• _Dataset content_:
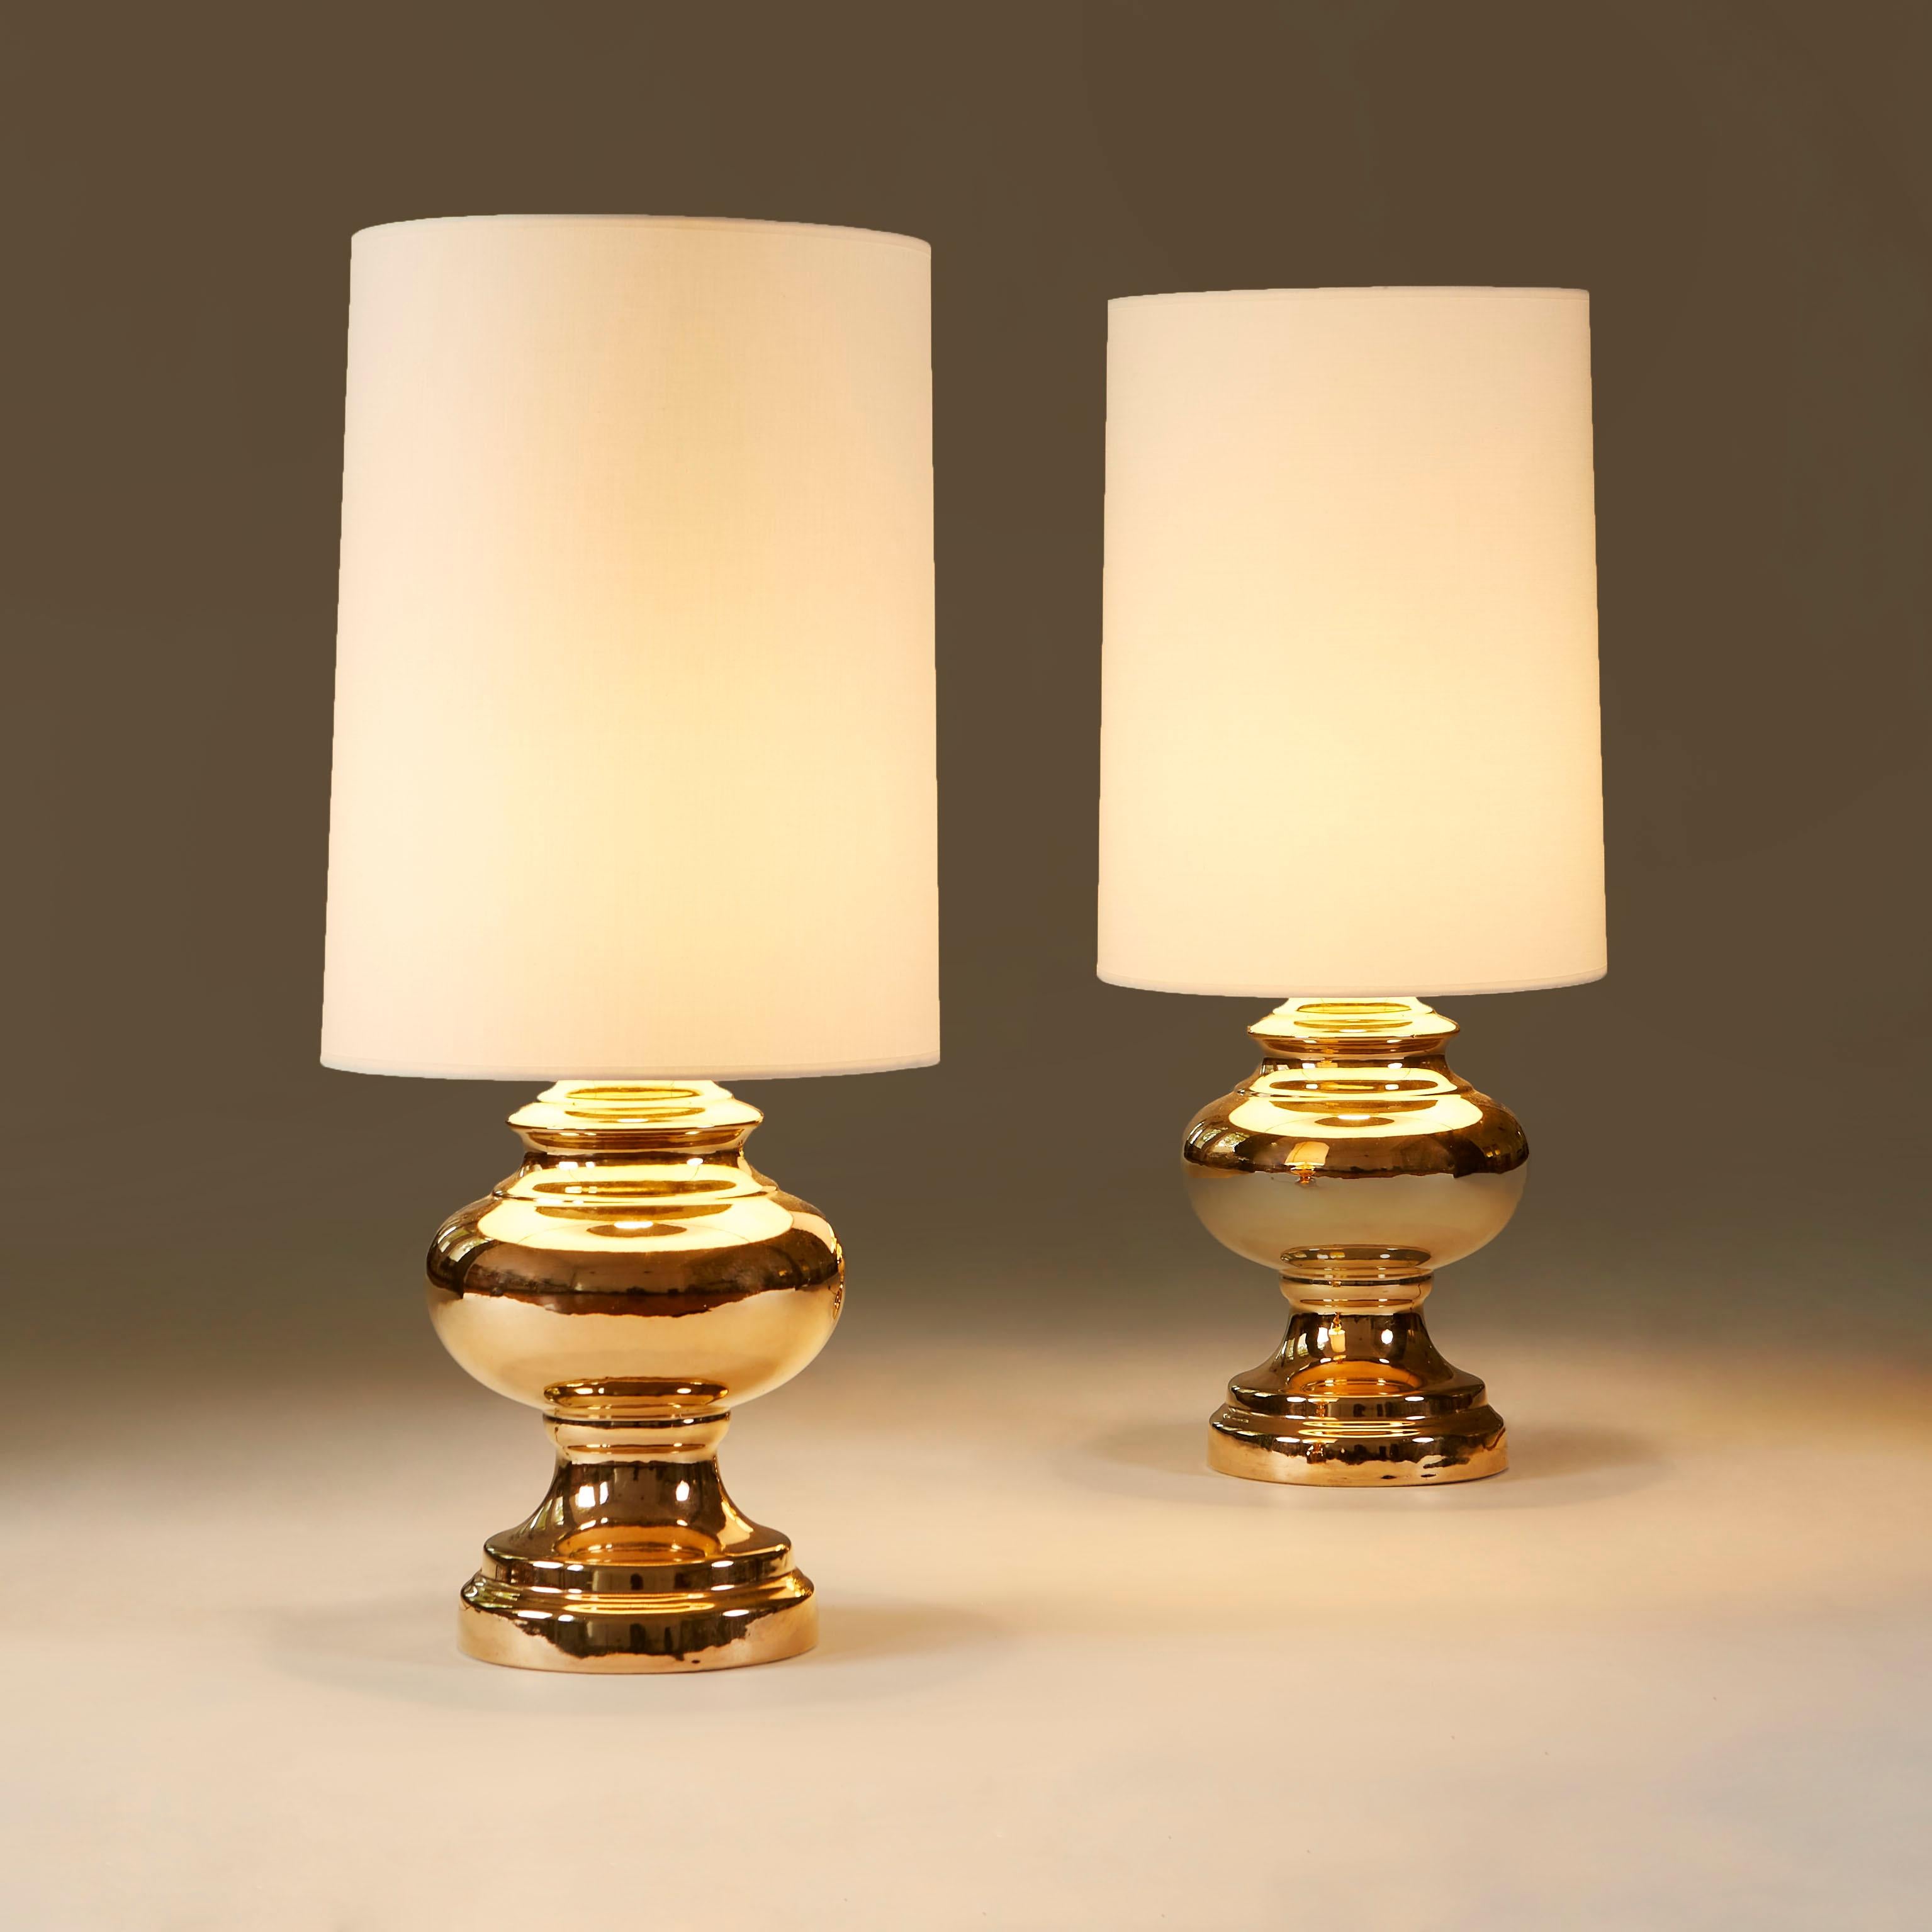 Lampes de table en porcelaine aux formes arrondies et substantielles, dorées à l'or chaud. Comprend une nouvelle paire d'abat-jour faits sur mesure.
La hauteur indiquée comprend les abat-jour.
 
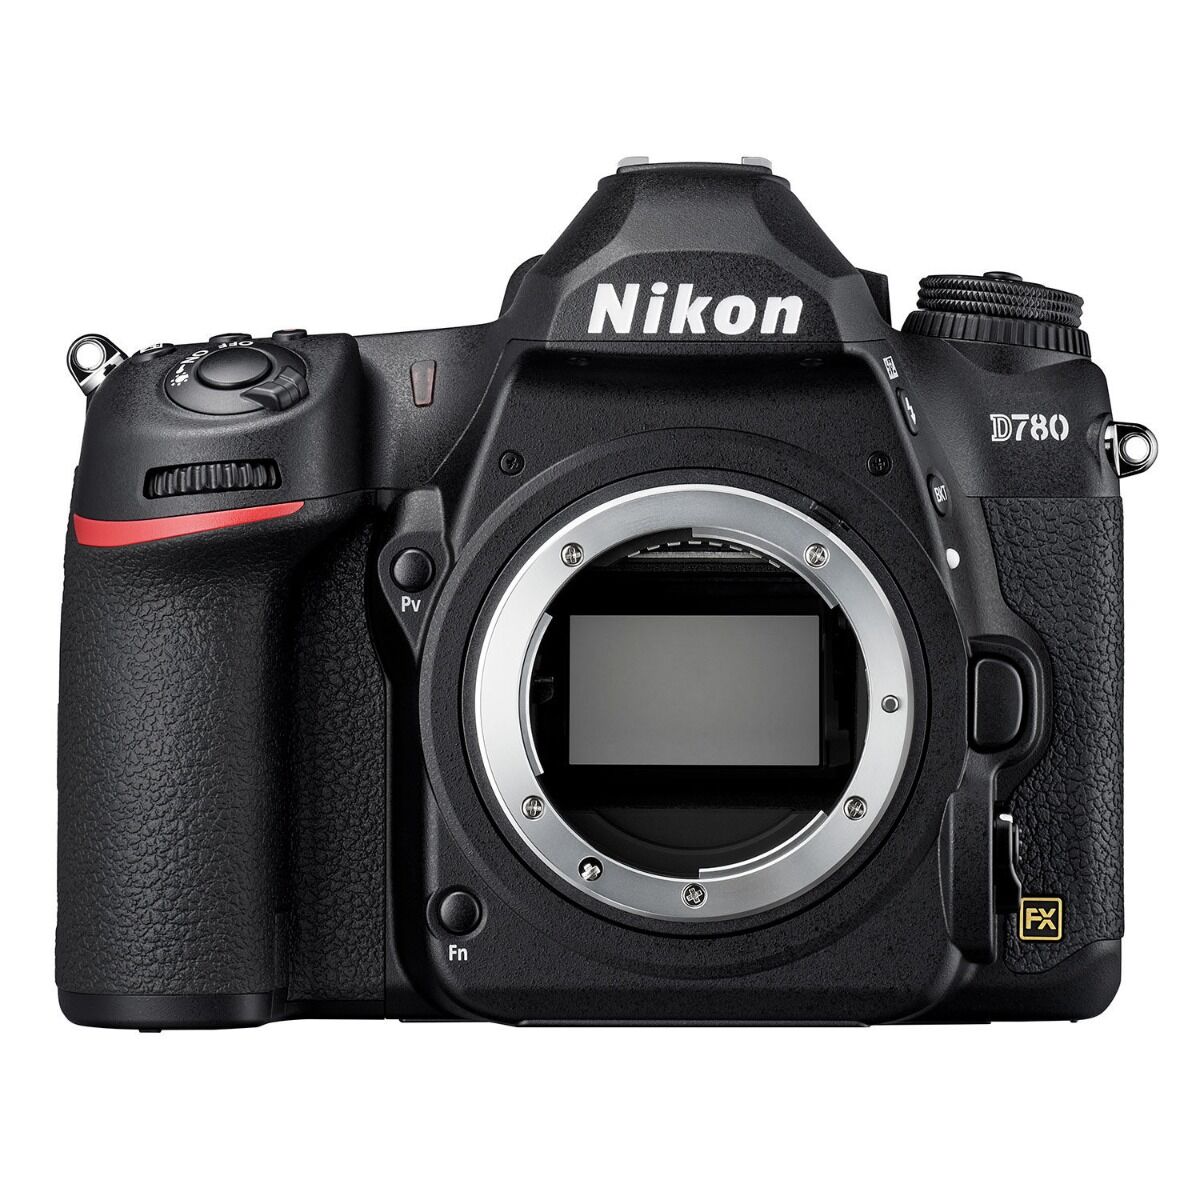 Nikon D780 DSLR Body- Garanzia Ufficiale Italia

• _Exercise_: The listing above is to be set down word for word, without its images.

• _Task response_:
 Lampes de table en porcelaine aux formes arrondies et substantielles, dorées à l'or chaud. Comprend une nouvelle paire d'abat-jour faits sur mesure.
La hauteur indiquée comprend les abat-jour.
 
 Nikon D780 DSLR Body- Garanzia Ufficiale Italia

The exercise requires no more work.